As the smog progressed, Churchill insisted that it was just fog, and that it would lift. However, the smog caused major disruption by reducing visibility and even penetrating indoor areas, far more severe than previous smog events ("pea-soupers"). The smog's effect on the human respiratory tract killed 4,000 people during the three days of the smog, while 6,000 died in the following months. On the morning of the third day of the Great Smog, the great coal-burning electricity stations in Battersea and Fulham attempted to reduce their emissions of poisonous sulphur dioxide from their chimneys, but they failed to make any significant change fo the air quality. Churchill's inaction and his insistence that Prince Philip, Duke of Edinburgh's hobby of flying was more important than the smog led to his inter-party rival, the Marquess of Salisbury, informing Philip's uncle Louis Mountbatten of this. Mountbatten and Queen Elizabeth II's own private secretary Alan Lascelles advised her to sack Churchill and appoint a new, younger Prime Minister such as Anthony Eden. Attlee's allies in the meteorology section also advised him to spur on a "vote of no-confidence" in Parliament, but he delayed this until 8 December, when he finally began to instruct the party whips to materialize such a vote.
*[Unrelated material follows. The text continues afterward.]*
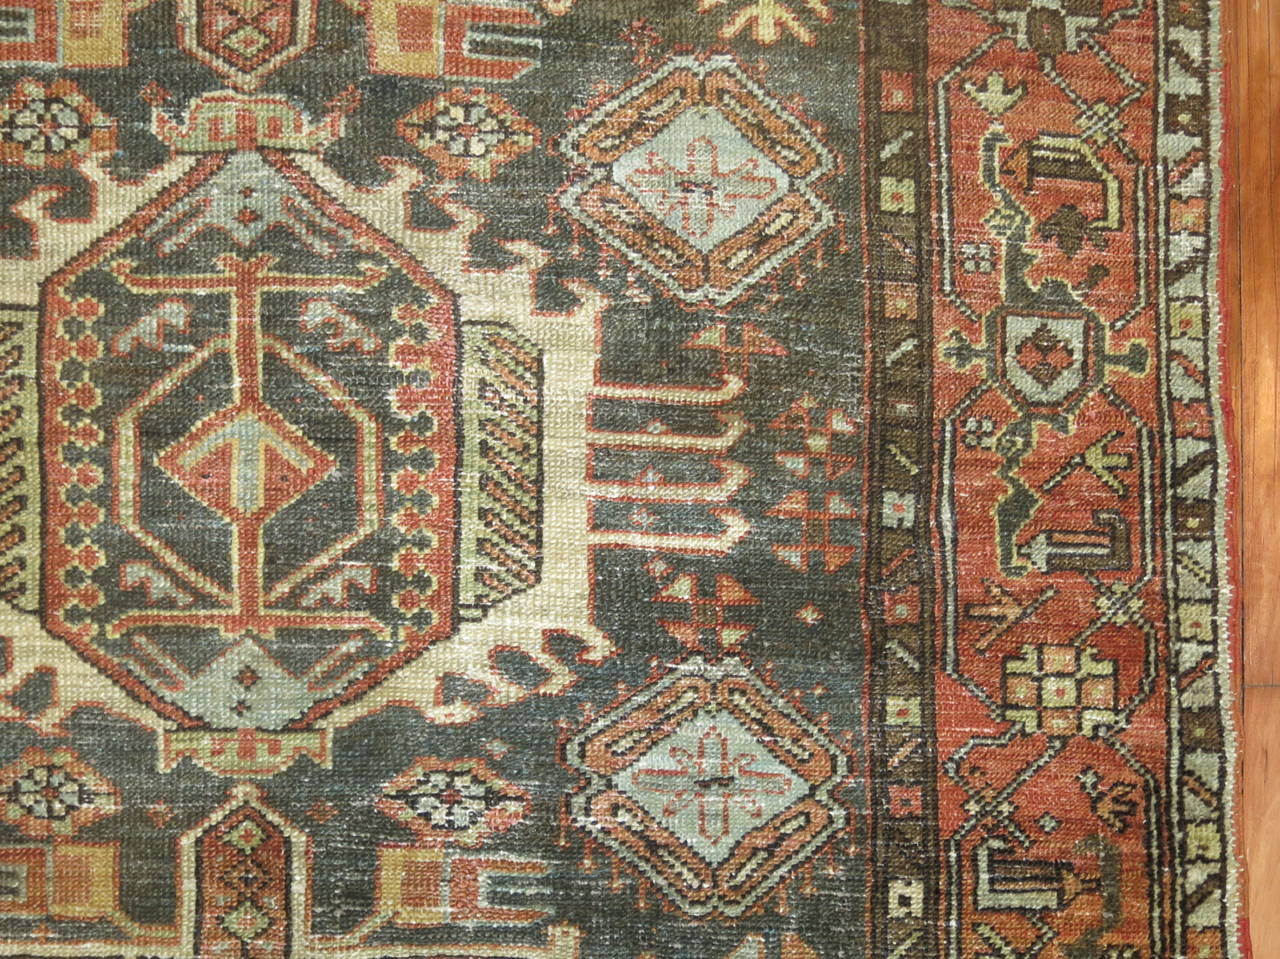 Produced in the Karajeh (also know as Karadja), a small village near Tabriz these rugs are distinguished by their use of triple and all-over medallions. Although the standard Heriz medallion is used, smaller Karajeh Persian rugs are ornamented with

However, the death of Churchill's secretary Venetia Scott in a smog-related accident led to Churchill taking action. While visiting the hospital where Scott's body was kept, Churchill called the press so that he could make a statement, and he pledged to provide more money for hospital staff and equipment, as well as to commission an enquiry into the cause of the smog. The News Chronicle ran an article with the title "A True Leader in a Crisis", and, as the fog lifted, Churchill regained his popularity. Queen Elizabeth, who summoned him to a meeting on the morning of 9 December 1952 with the purpose of firing him, changed her mind as a result of the papers, and instead asked him whom he wanted to be seated next to during a state dinner the next week, changing the purpose of the meeting at the last minute.

Nevertheless, the Great Smog was the worst air-pollution event in British history. London had suffered since the 13th century from poor air quality, which worsened in the 1600s, but the three-day Great Smog was the most significant incident in terms of its effect on environmental research, government regulation, and public awareness of the relationship between air quality and health. In 1956, the Clean Air Act introduced "smoke control areas" in some towns and cities in which only smokeless fuels could be burned, and it reduced the amount of smoke pollution and sulphur dioxide from household fires.